Secure a University Computer
To secure a University-owned computer or other electronic device, see the Securing Private Data, Computers & Other Electronic Devices Policy. The policy requires that University private data be stored on University-owned computers. Employees may not store University private data on personally owned computers or other personally owned electronic devices.
While using your computer
- Use a Separate Account & Strong Passwords
- Verify Security Patches and Updates are Installed
- Store Data on University File Servers
- Protect your USB Drives/Removable Media
- Secure Your Web Browser
- Prevent Unauthorized Use
- Use Safe Computing Practices
Use a Separate Account & Strong Passwords
A separate standard user level account should be used for daily tasks such as email and web surfing. Use of the administrative level account must be limited to those actions which require administrative access. See Administrative Privileges for additional information that you should know.

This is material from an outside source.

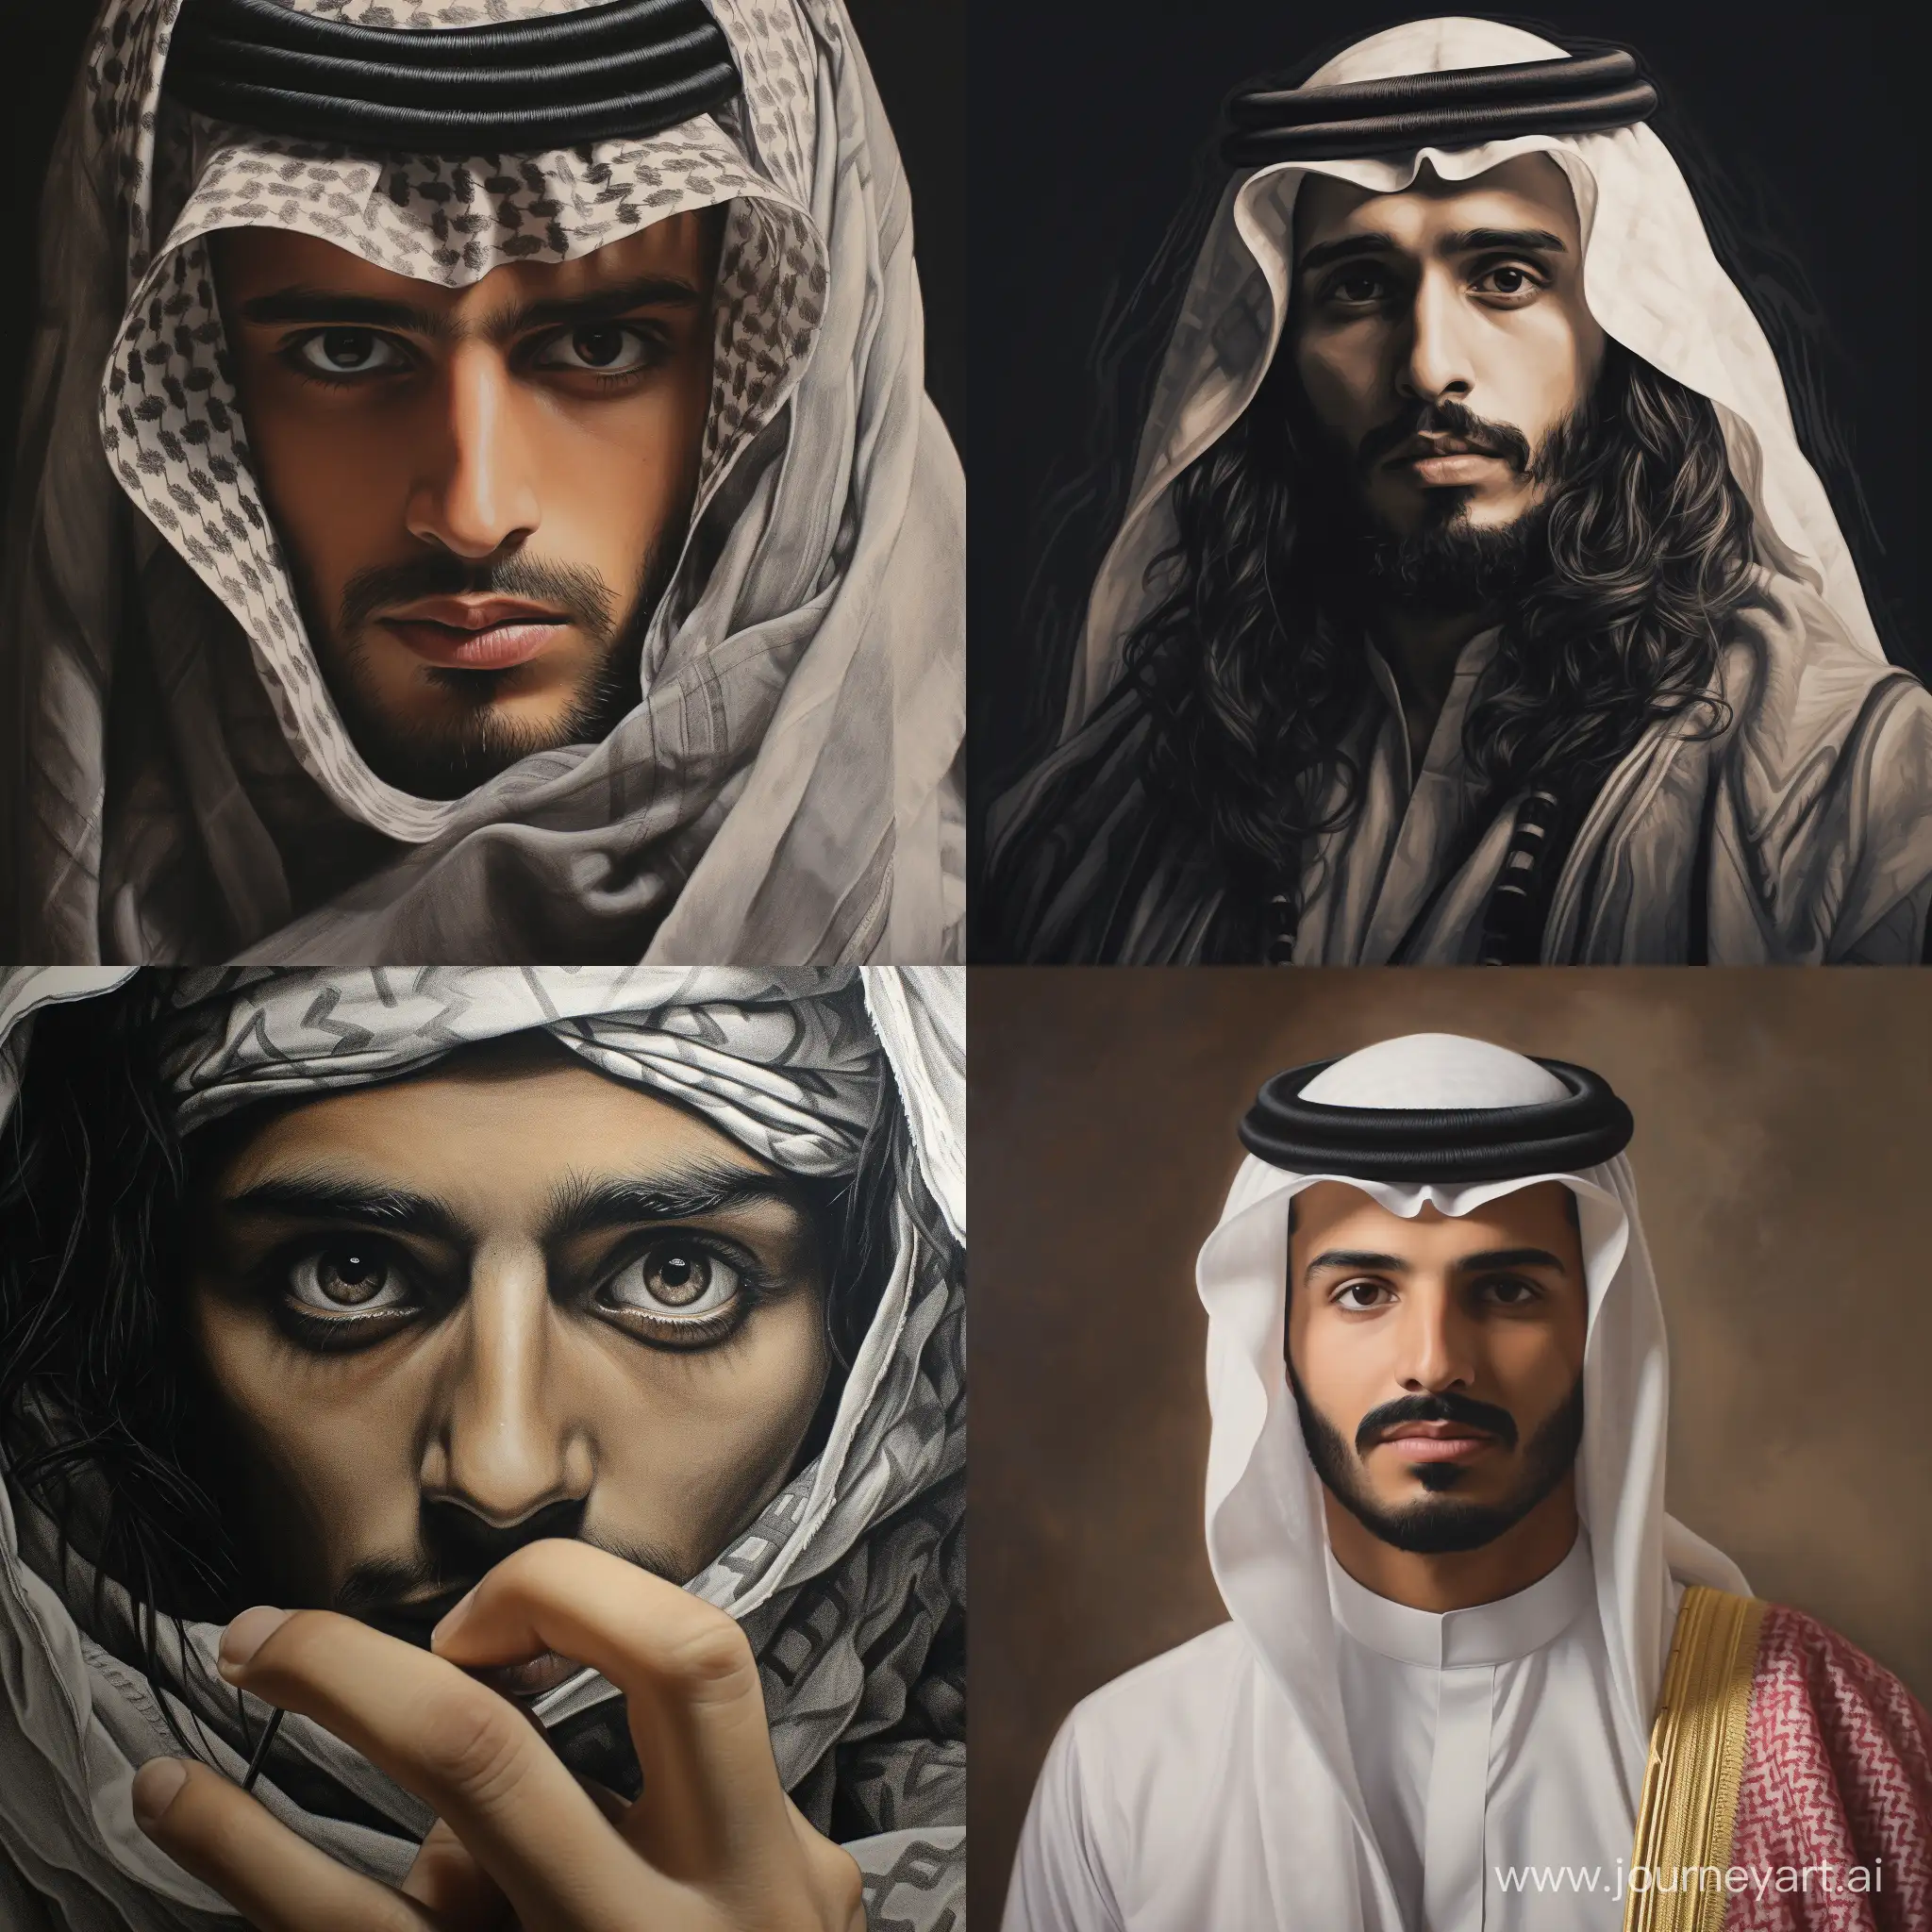 اريد ان ترسم لي صورة واقعية للفنان السعودي محمد عبده

All accounts, including an account with administrative privileges should use strong passwords. Assigning a difficult to guess passwords is an important step in protecting your computer from misuse by others.
See Password Tips.
Verify Security Patches & Updates are Installed
Periodically check for missing security patches by running an application (e.g, metaquark) that scans for missing patches. See Security and Tools Downloads.
Install the security patches for the operating system, when prompted to install. Some security patches may require a restart of the computer to complete the installation.
Security patches/updates must be installed as soon as possible but not more than 30 days after release by the vendor.
Application software (e.g., Adobe, Office, browser, iTunes) also needs to be patched for security holes. Install the security patches for the application software, when prompted to install. Some security patches may require a restart of the computer to complete the installation.
If the application software does not have an automatic update feature, check the vendor's site frequently and apply security patches as soon as possible or use an application (e.g, metaquark) that scans for missing patches. See Security and Tools Downloads.
Patching for designated high risk software applications is required as soon as possible but not more than 30 days after availability from vendor.
Store Data on University File Servers
The documents, spreadsheets and the files you use should be stored on a University file server. University private data must be stored on University-owned computers. Talk to your local IT Professional staff about where to store your data. For examples of private data, see Private Data Interview Form (PDF).
Protect your USB Drives/Removable Media
If you copy data to removable media (USB flash drive, CD or DVD), the physical security of the removable media should be at least equal to that of the machine the data originated from.
To protect the data stored on these devices, encrypt them so if they are lost no one can read the information stored on the device without the encryption password.
Use an encrypted USB drive like Kanguru Defender or encryption software like TrueCrypt. See Encrypting Data for more information. Plans should also be made to allow recovery from unexpected problems.
Secure Your Web Browser
To reduce risk associated with the web, see the recommended settings to Secure Your Web Browser.
Prevent Unauthorized Use
When you are not at your desk and using your computer, anybody else could be using it instead. This gives a person the ability to install a virus, steal files, or perform actions while appearing to be you. Locking your work station and requiring a password when returning from a screen saver are excellent ways of preventing this.
Windows also give you the option to lock the workstation at any given time. To do this, simply hold down the "Windows" key and press the letter "L".
Use Safe Computing Practices
Our recommended steps can only protect you from what is known. Using safe computing practices can limit your exposure to these new things that appear on the Internet before the makers of our recommended products can produce updates to protect you.
Some safe computing practices include:
- Never open an e-mail attachment from a questionable source. If you receive an unexpected attachment from a trusted source, contact the sender and ask them if they meant to send you this. Many virus will send you attachments while posing as someone you may know.
- Maintain multiple strong passwords. Don't use the same password for your online banking that you do for your e-mail. This could open you to serious risk. Check the strong passwords section for more guidance on picking a password.
- To securely transfer files with collaborators internal or external to the University, see Transferring Documents Securely Using NetFiles on the University NetFiles web site.
- Do not download and run files you receive from chat buddies without first making sure that the person intentionally sent you the message.
- Whenever you download software, make sure you read the user agreement. Many programs that you download from the Internet come with unwanted programs known as spyware.
- When working from home or via a wireless connection, use virtual private networking (VPN). Using VPN will provide you a secure connection directly to the University network and help prevent a possible attacker from reading sensitive information in transit. Use the VPN prior to starting Remote Desktop Protocol (RDP) to connect to a Microsoft Windows computer on campus. This software can be downloaded from VPN Web site.
- To protect the privacy of faculty, staff, and students on a daily basis, the university recommends installing R-Wipe & Clean on all University-owned Windows PCs. This software will securely erase the contents of the Recycle Bin, temporary files, browser cache, etc.
This is not an exhaustive list. There are so many computing scenarios that they could never all be recorded. When you are presented with an unknown situation, always err on the side of caution and ask your department's IT Professional for guidance on how to proceed.